Given information:

=== Section Start ===

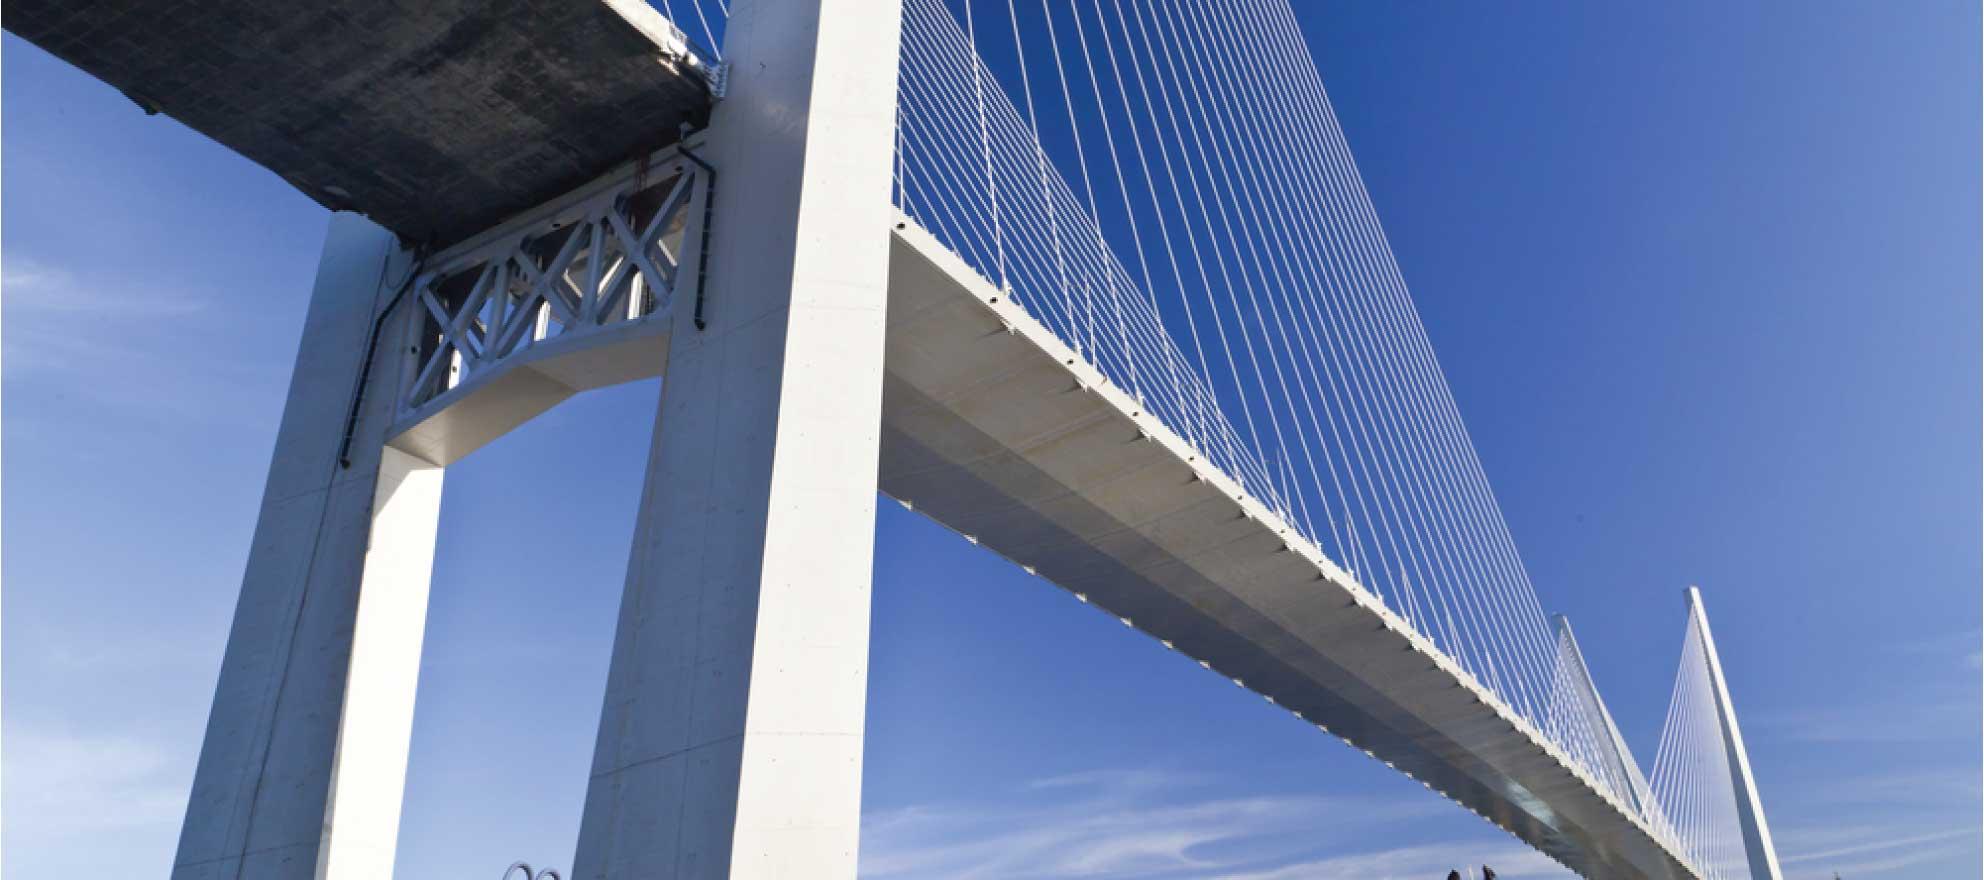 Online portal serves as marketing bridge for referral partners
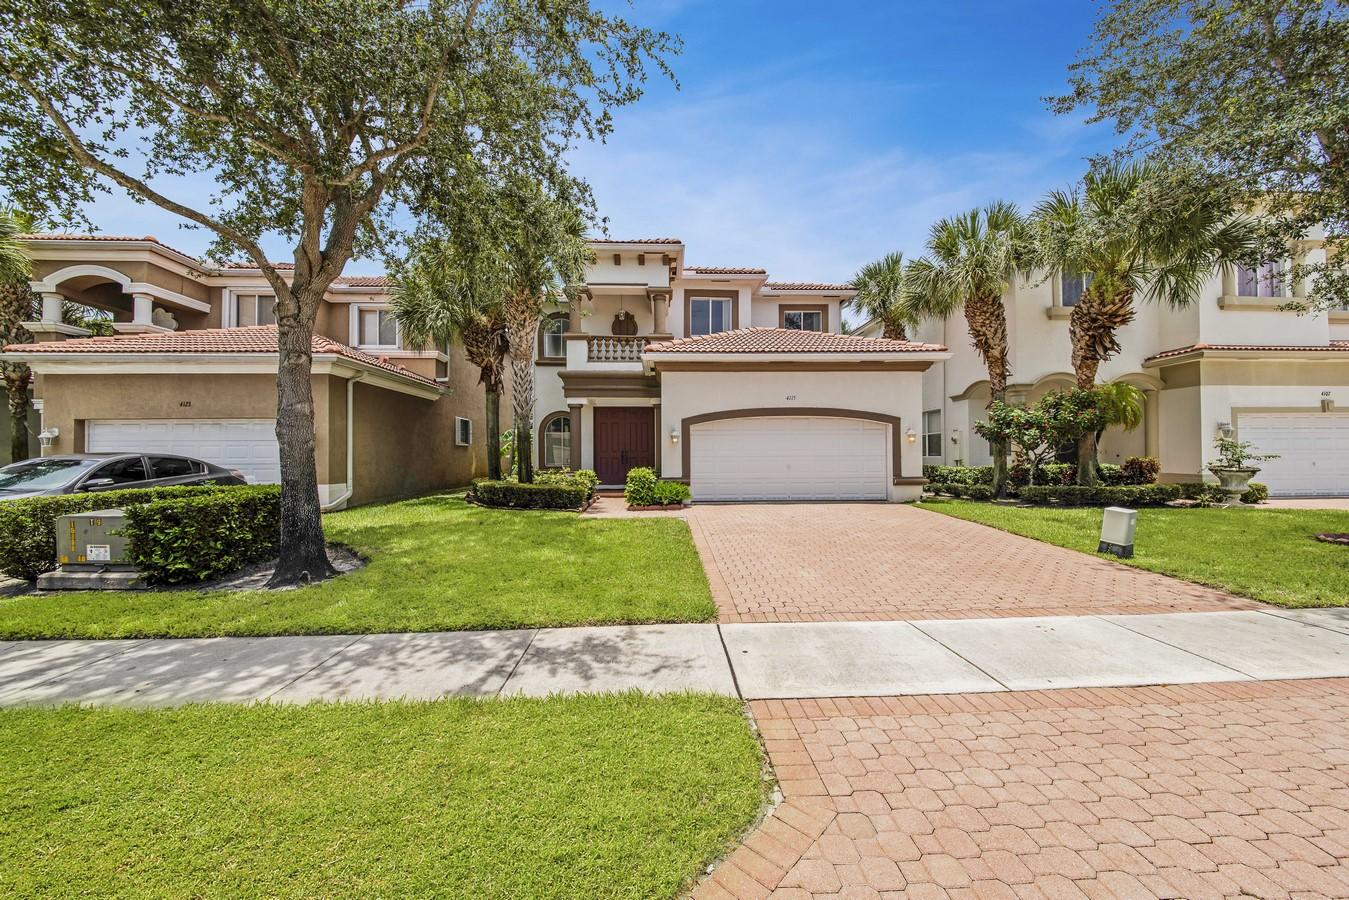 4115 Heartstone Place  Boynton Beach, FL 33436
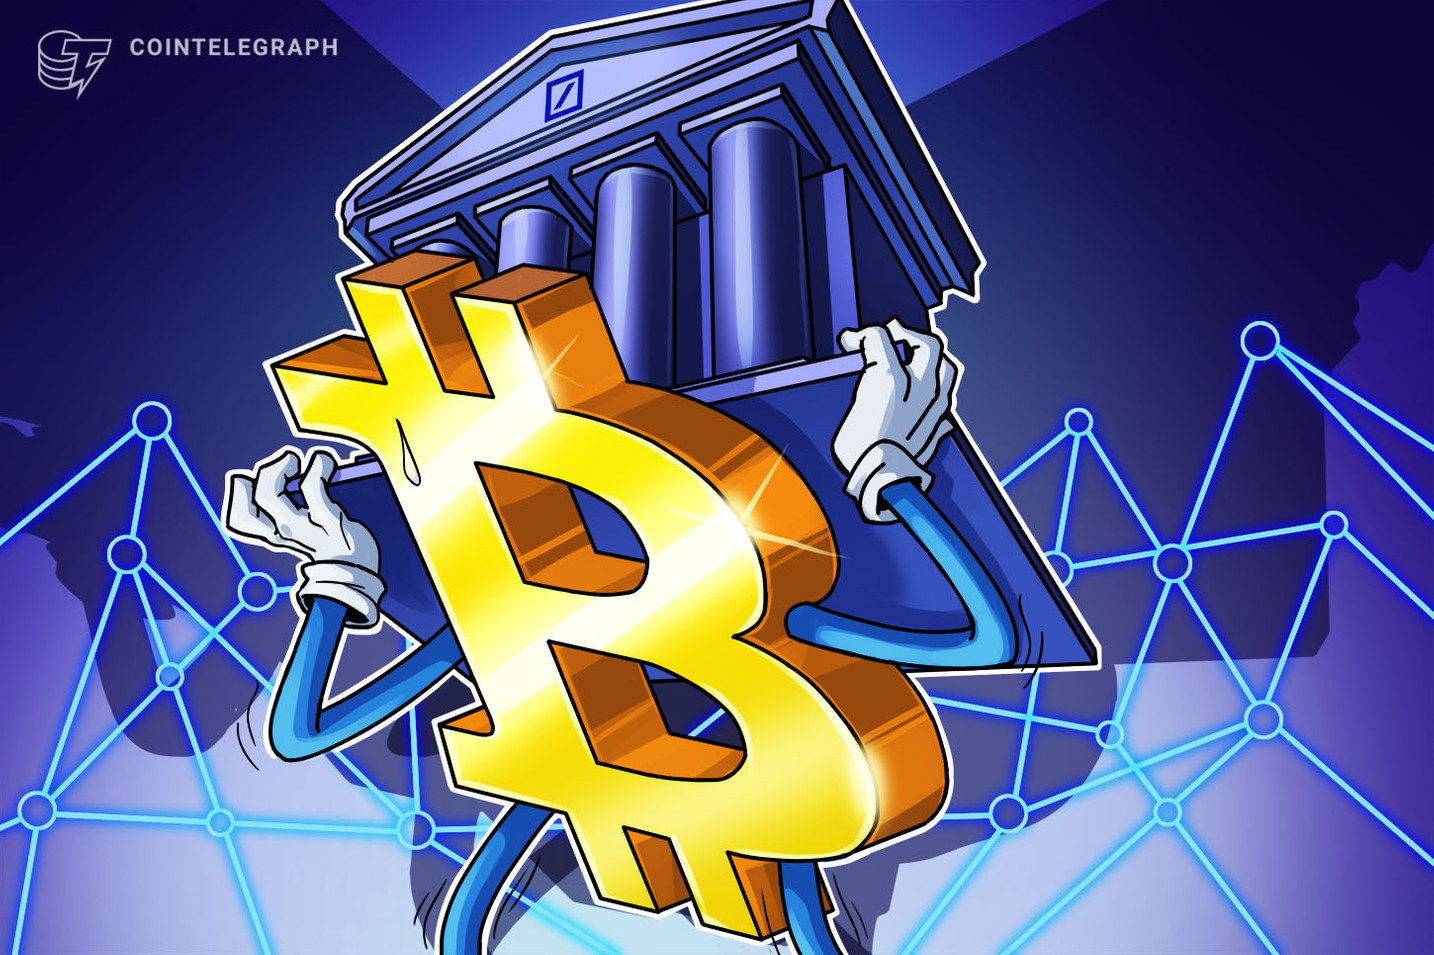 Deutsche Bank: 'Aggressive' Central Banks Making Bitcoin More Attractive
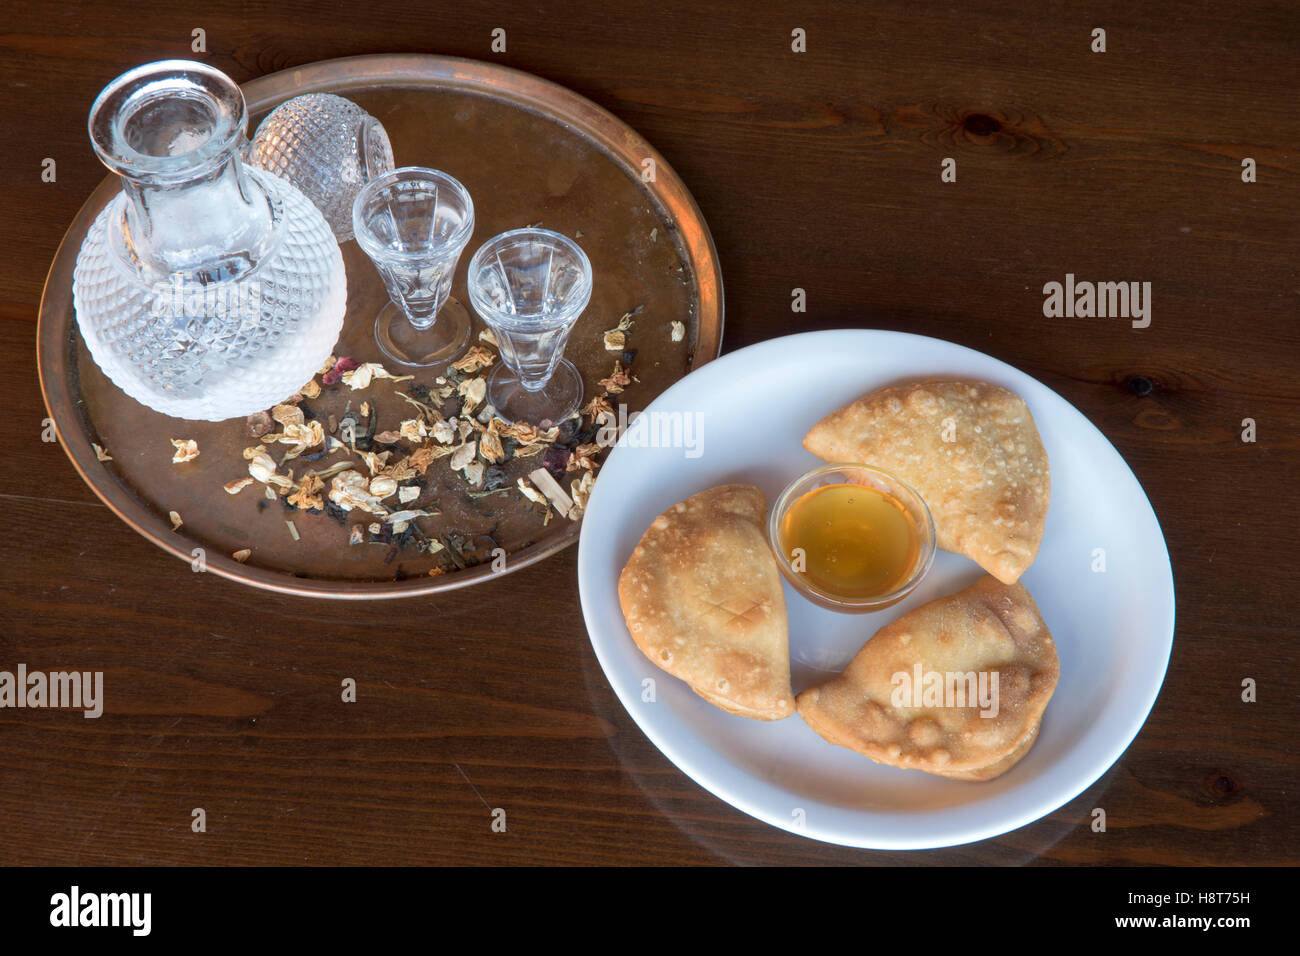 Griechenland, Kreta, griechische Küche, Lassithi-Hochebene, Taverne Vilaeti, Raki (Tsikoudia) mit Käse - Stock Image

=== Section End ===

What to do:
Repeat only the lines from the one holding "Deutsche Bank: 'Aggressive'" through the last line of the data, inclusive. Keep the pictures out.

Result of the exercise:
 Deutsche Bank: 'Aggressive' Central Banks Making Bitcoin More Attractive
 Griechenland, Kreta, griechische Küche, Lassithi-Hochebene, Taverne Vilaeti, Raki (Tsikoudia) mit Käse - Stock Image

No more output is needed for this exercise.